Yes, those were Seiss Super DeLuxe Autocycle lights there with the brackets and the longer "AS" bolts to boot! One of the lenses was missing the other was cracked, but otherwise all there in ok overall condition. I also found other parts to this bike in other lots including the Autocycle tank door everybody saw, but there was also a Schwinn / Stewart Warner speedo there with the green lensed side window for the light that was in very poor condition. 
It was great to get there and spend a number of hours looking at his collection.
I agree the prices were way above market value, but he with the deepest pockets wins. ( sometimes ) 
Here are some pictures. 

Greg M.


----------



## Rear Facing Drop Out (Nov 8, 2011)

*Too high?*

I dont know.
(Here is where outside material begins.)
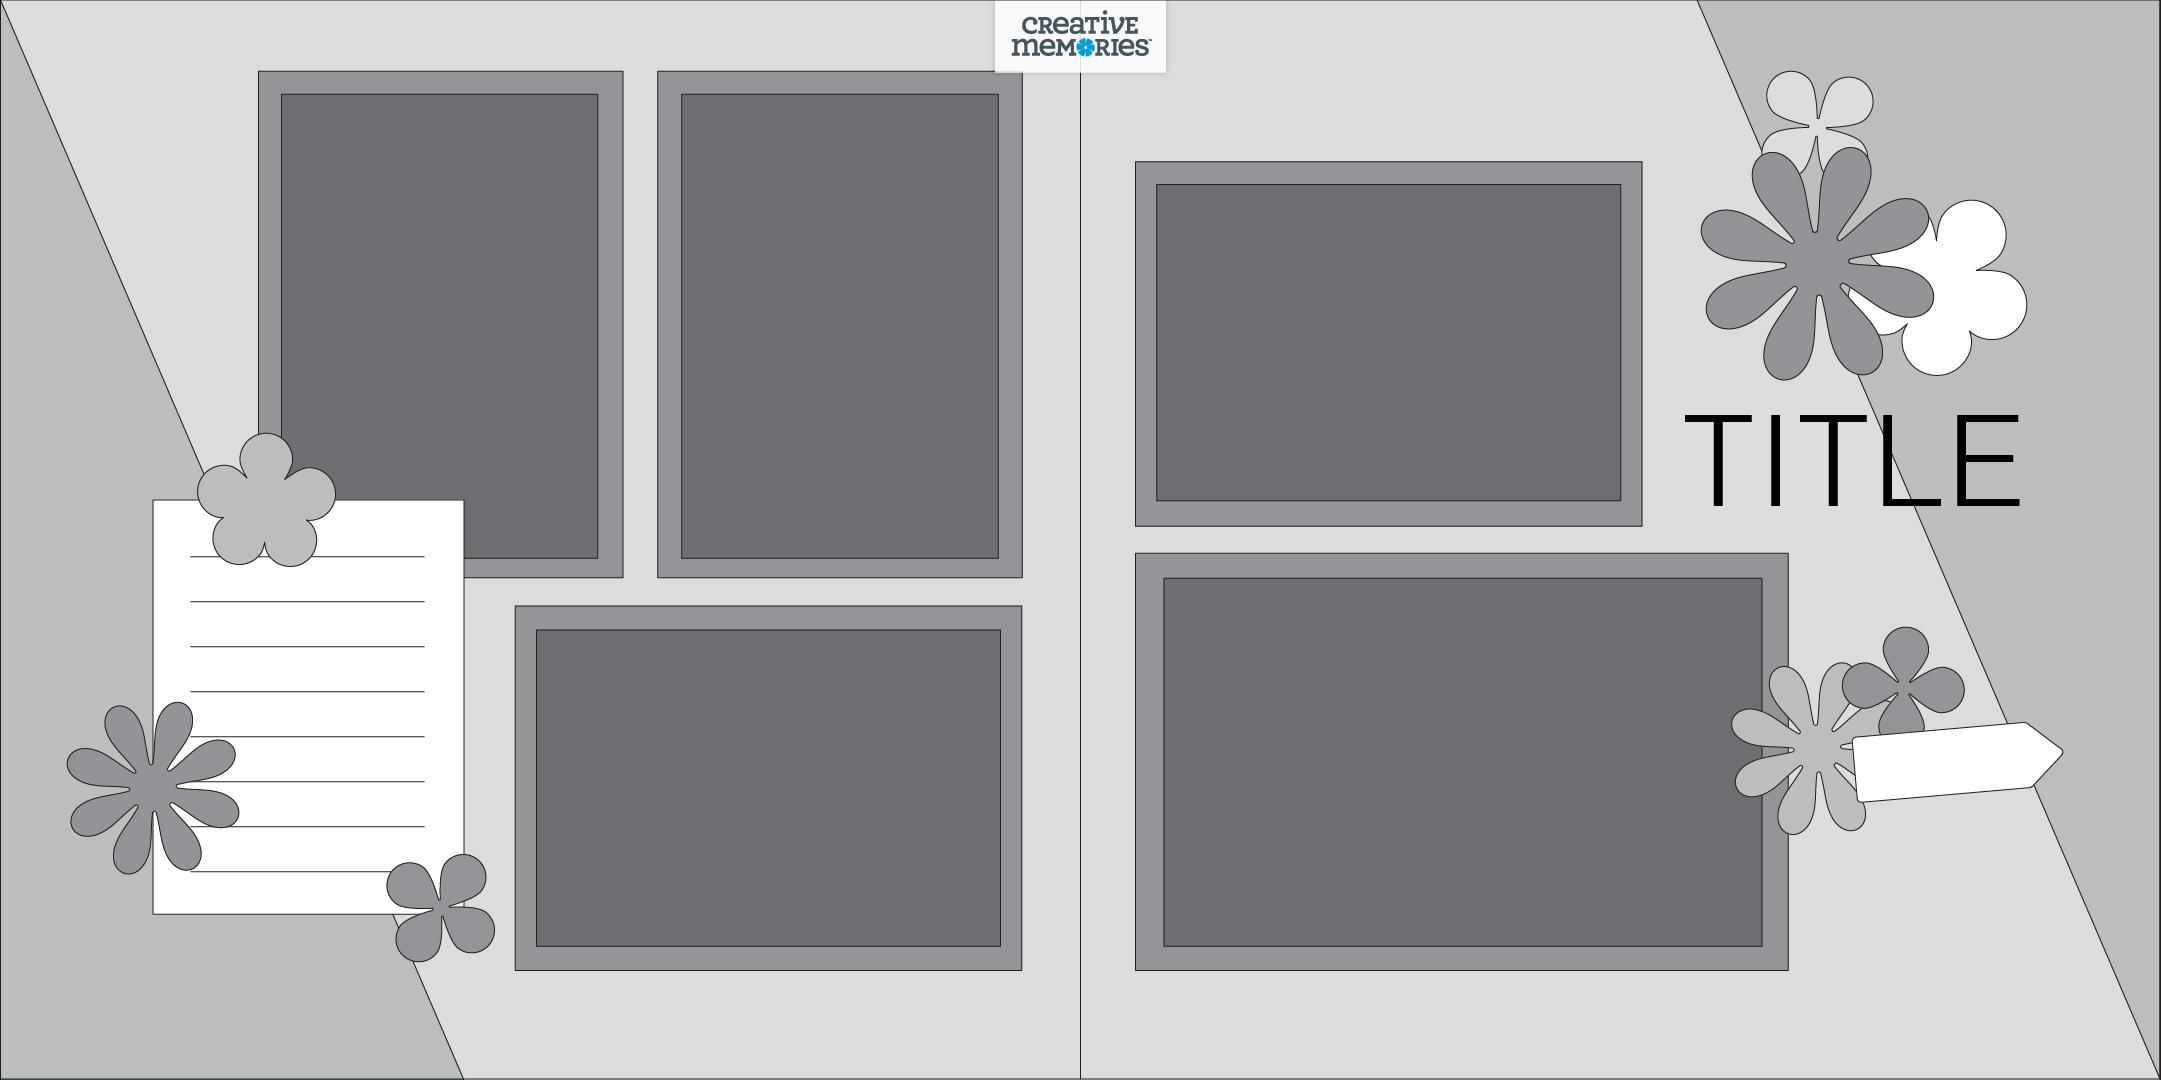 Virtual-Crop-October-Scrapbook-Sketch5-Creative-Memories (1).jpg

The prices did not seem too high to me. FOr instance the Autocycle door lot... Sell the NOS Delta 20-30's light and battery tube for say $250 and th efew odd other parts for say a hundred the buyer gets the door for inside of $400 with original lense, seems fair.... If alot of the lots were broken down I think the goodies were bought for a fair price.


----------



## militarymonark (Nov 8, 2011)

that flying merkel went for 201k insane but most likely worth close to that. Not many of them come up for sale


----------



## twowheelfan (Nov 8, 2011)

*the merkel looks like the biggest ticket item.*

i kind of thought that the BMW veritas or the edwards roadster was gonna top out the auction. that edwards roadster is documented as the first pebble beach show winner.


----------



## oldandtired (Nov 10, 2011)

*hartung auction*

I considered our time at the Hartung auction as money and time well spent.  Entertaining, educational and certainly alot of fun.  Some items went crazy...some were a bargain.  But really, where do you find the stuff anymore?  Pretty hard to find a collection that size in one spot!  it would take many years!  just wish i could find a merkel


----------



## Colton1936 (Nov 13, 2011)

Somebody that bought 5 cars at the auction just put them all on ebay, all of them going for over $1,000 what he paid.


----------



## Larmo63 (Nov 13, 2011)

I own that very speedo in lot #6311 you described, and it is sitting on my workbench right now. 

I'm going to have it restored......


----------